The Count responded with a light laugh, as much as to say that no gentleman would ever answer such a question.
“Come now,” the colonel persisted. “Here we two are dining together on the Boyarsky’s roasted duck with a bottle of Georgian wine, which practically makes us old friends. And I am genuinely interested. What is it about me that makes you so sure that I am not a gentleman?”
As a sign of encouragement, the colonel leaned across the table to refill the Count’s glass.
“It isn’t any one thing,” the Count said after a moment. “It is an assembly of small details.”
“Like in a mosaic.”
“Yes. Like in a mosaic.”
“So, give me an example of one of these smaller details.”
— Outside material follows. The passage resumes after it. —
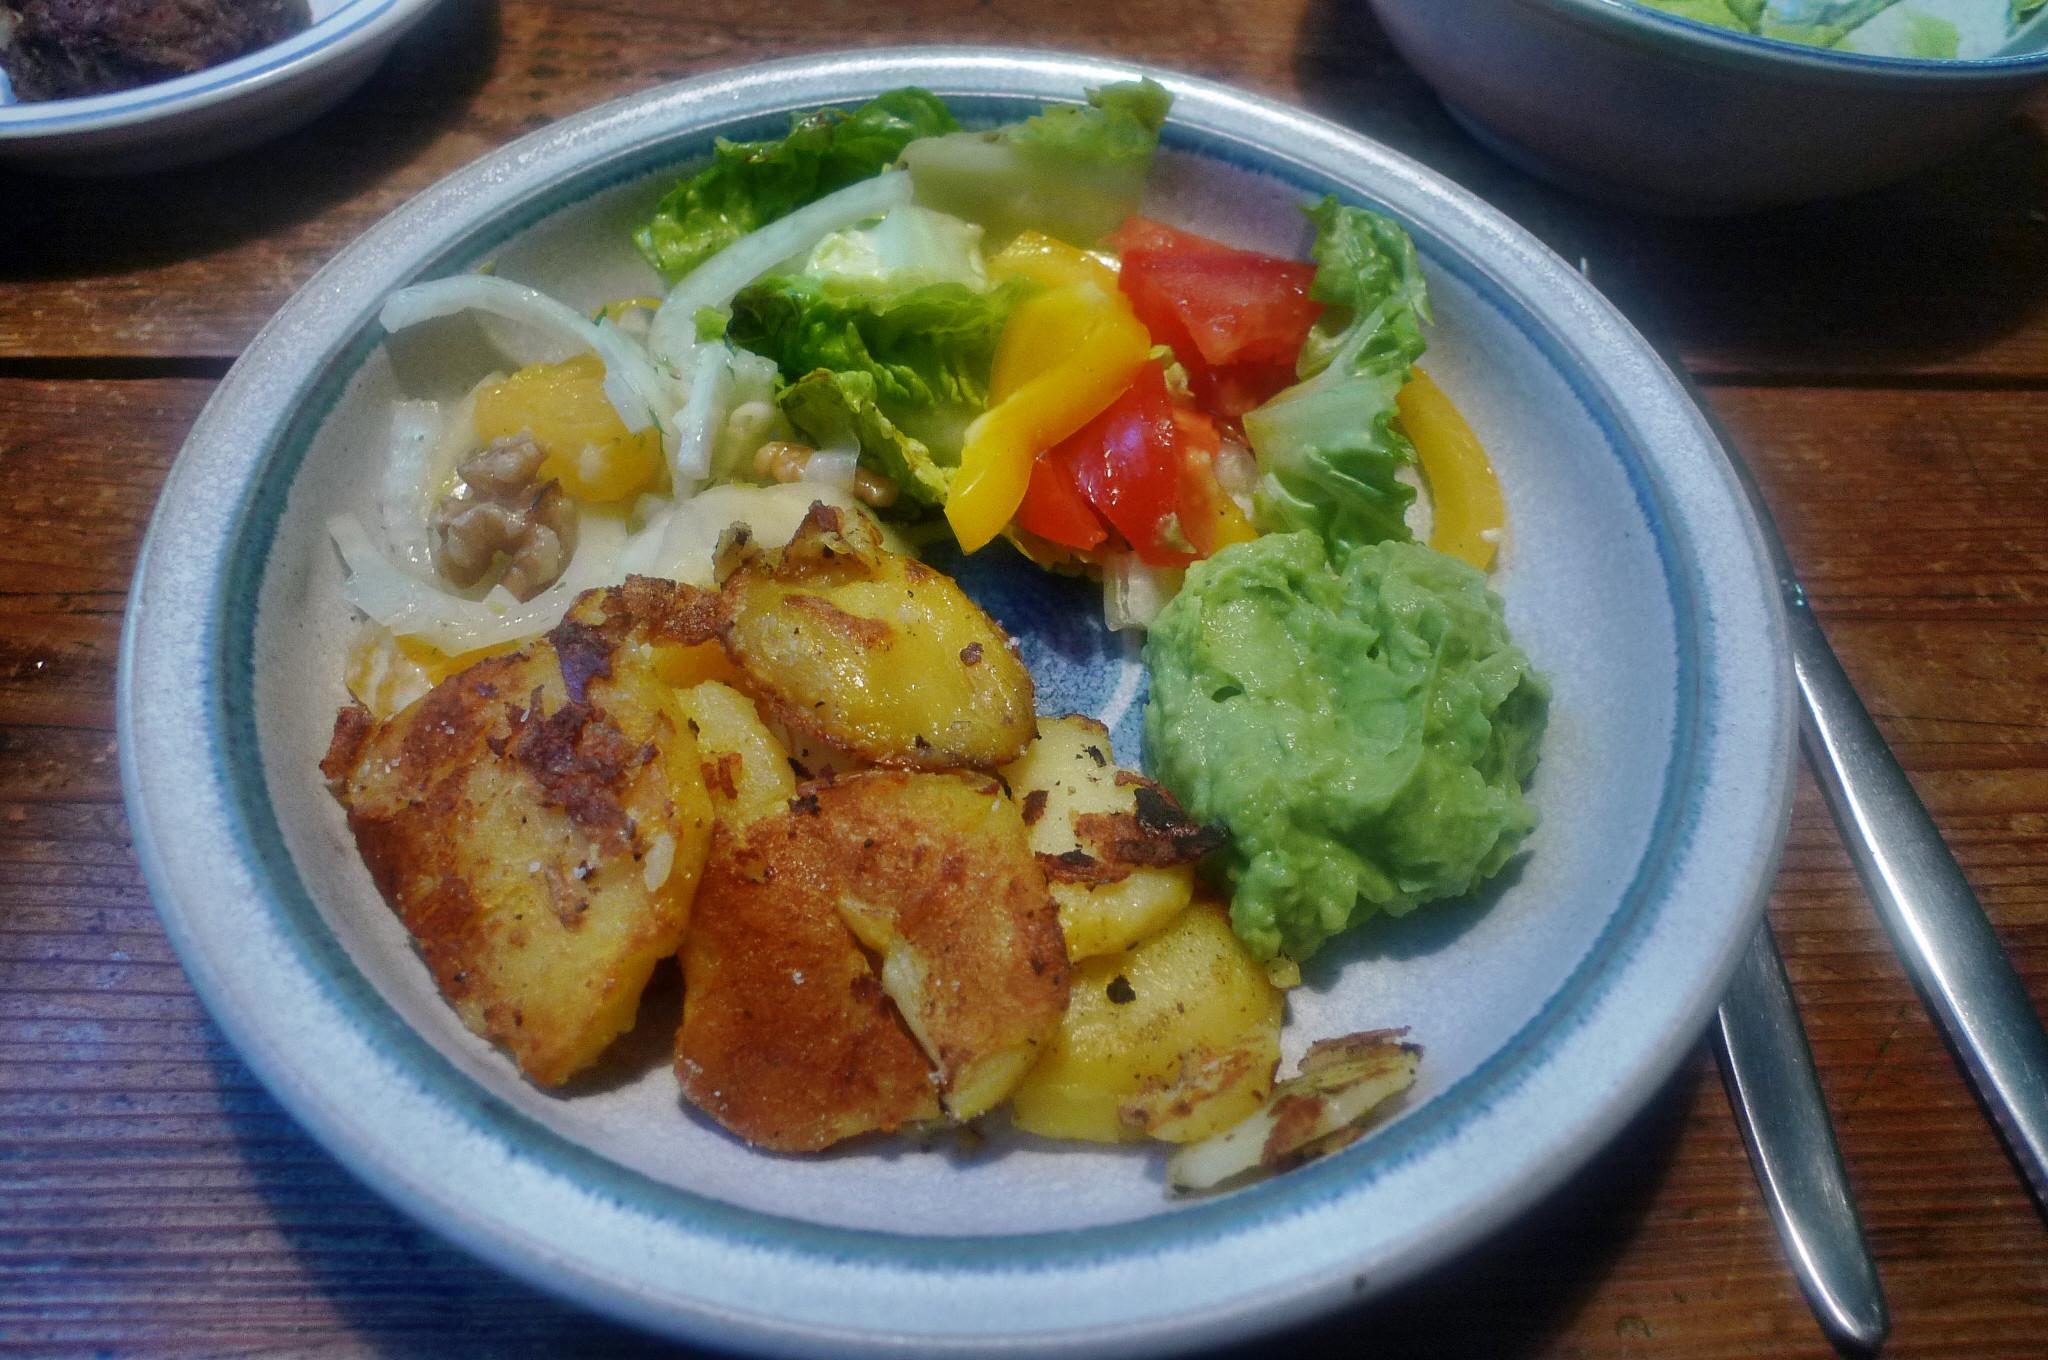 Guacamole,Fenchelsalat,Salat,Bratkartoffel--22.1.15   (12)

The Count took a sip from his glass and replaced it on the table at one o’clock.
“As a host, it was perfectly appropriate for you to take up the serving tools. But a gentleman would have served his guest before he served himself.”
The colonel, who had just taken a bite of duck, smiled at the Count’s first example and waved his fork.
“Continue,” he said.
“A gentleman wouldn’t gesture at another man with hi
s fork,” said the Count, “or speak with his mouth full. But perhaps most importantly, he would have introduced himself at the beginning of a conversation—particularly when he had the advantage over his guest.”
The colonel put his utensils down.
“And I ordered the wrong wine,” he added with a smile.
The Count put a finger in the air.
“No. There are many reasons for ordering a particular bottle of wine. And memories of home are among the best.”
“Then allow me to introduce myself: I am Osip Ivanovich Glebnikov—former colonel of the Red Army and an officer of the Party, who as a boy in eastern Georgia dreamed of Moscow, and who as a man of thirty-nine in Moscow dreams of eastern Georgia.”
“It is a pleasure meeting you,” said the Count, reaching across the table. The two men shook hands and then resumed eating. After a moment, the Count ventured:
“If I may be so bold, Osip Ivanovich: What is it exactly that you do as an officer of the Party?”
“Let’s just say that I am charged with keeping track of certain men of interest.”
“Ah. Well, I imagine that becomes rather easy to achieve when you place them under house arrest.”
“Actually,” corrected Glebnikov, “it is easier to achieve when you place them in the ground. . . .”
The Count conceded the point.
“But by all accounts,” continued Glebnikov, “you seem to have reconciled yourself to your situation.”
“As both a student of history and a man devoted to living in the present, I admit that I do not spend a lot of time imagining how things might otherwise have been. But I do like to think there is a difference between being resigned to a situation and reconciled to it.”
Glebnikov let out a laugh and gave the table a light slap.
“There you go. That’s just the sort of nuance that has brought me begging to your door.”
Setting his silverware down, the Count looked to his host with interest.